The furbolgs had built Grizzlemaw and called it home for millennia, and peace had reigned here for just as long. The premise of war was inconceivable as evidence for the rising hostilities was not only absent but nonexistent.
It was from a foe they could instinctively sense that was destabilizing their home, the hearth of their existence, from its very roots. Yet a foe they did not see and understand. And they were powerless to stop their souls, minds, and bodies. Confusion, fear, and anger rose, and if not stopped, so would the point of no return, madness, where the fall to darkness only began.
'This must be stopped.' The Bear Ancient vowed.
If his brother's tragic fate foreseen in maddening corruption was a reality or not, immediate action must be taken. The Wild God wanted to act immediately to avoid further perversion, to protect the ignorant furbolgs of this eternal corpse bringer of damnation who have unknowingly called it home.
But rationality brought by his age eclipsed his righteous fury. He would not risk falling into corruption himself, no matter how slim the chance. Strategizing was required.

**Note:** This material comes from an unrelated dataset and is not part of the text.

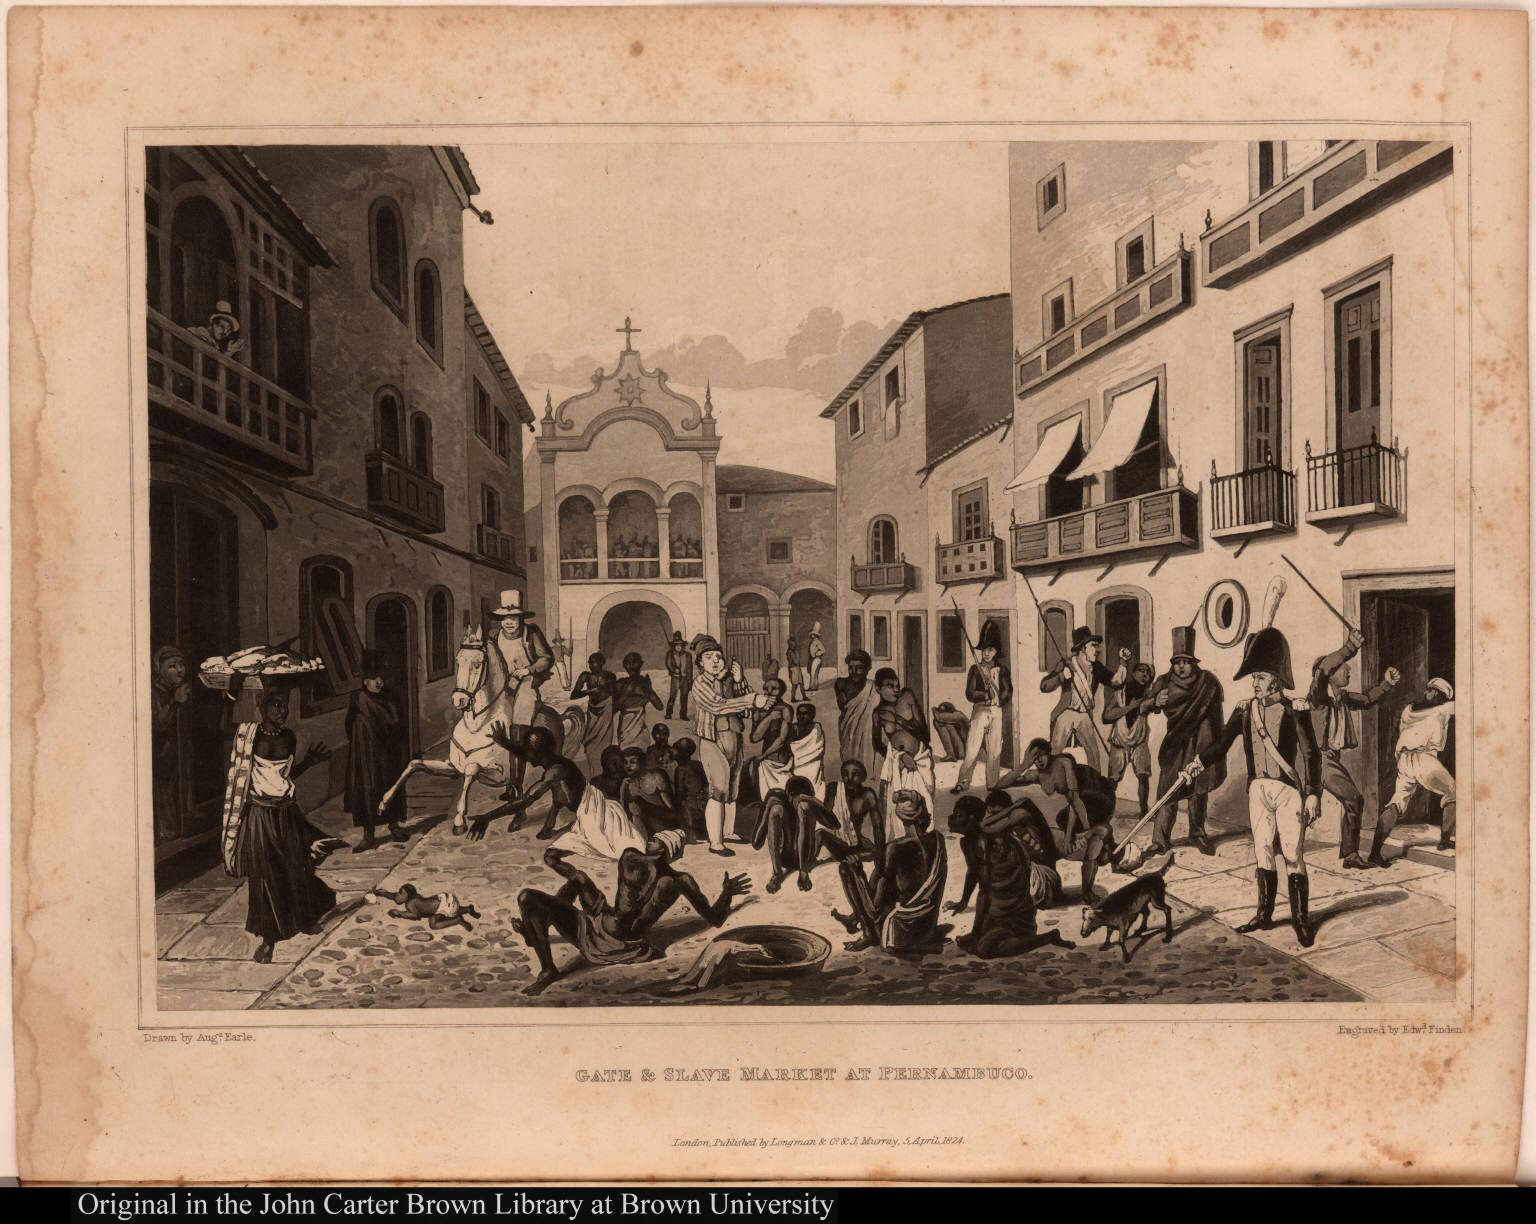 Gate & slave market at Pernambuco.
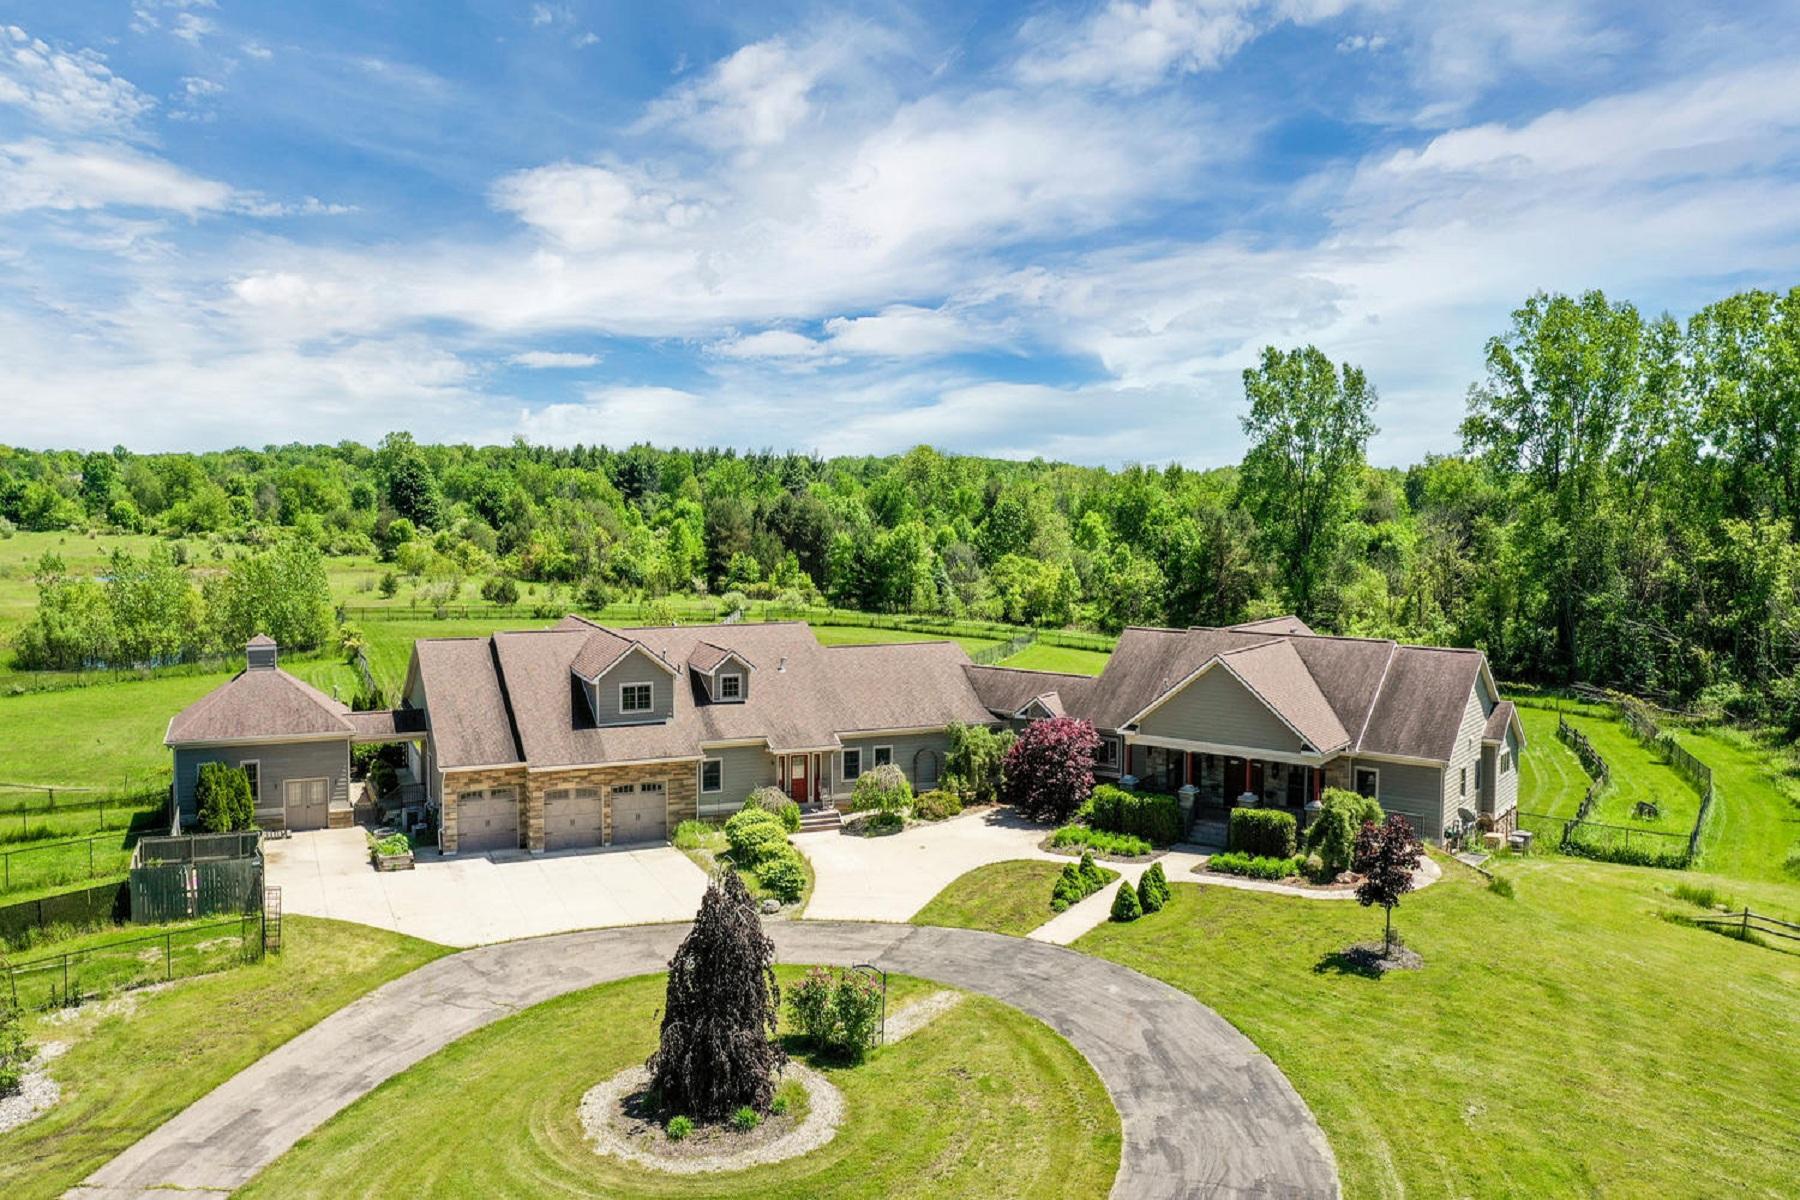 Single Family Homes for Sale at Williamston 102 Turner Road Williamston, Michigan 48895 United States

It was the voices again, he growled.
He would need to inform Orrson and Kodian, his nephews, on his grim discovery and plan accordingly with them for the immediate furbolgs exodus from Grizzlemaw, which housed nearly half of the region's total population, and healing of the victims in need.
Only then could the problem of Vordrassil begin to be addressed, and he would cleanse this unsightly taint off his territory with a vengeance rarely knew he was capable of. He was profoundly angry.
Then there was the rest of what Ohto had revealed and was yet to disclose to Ursol's joy and dread. It was a time of change; the violent and dreadful magical ripple of recent years that had awoken him from hibernation was merely an announcement.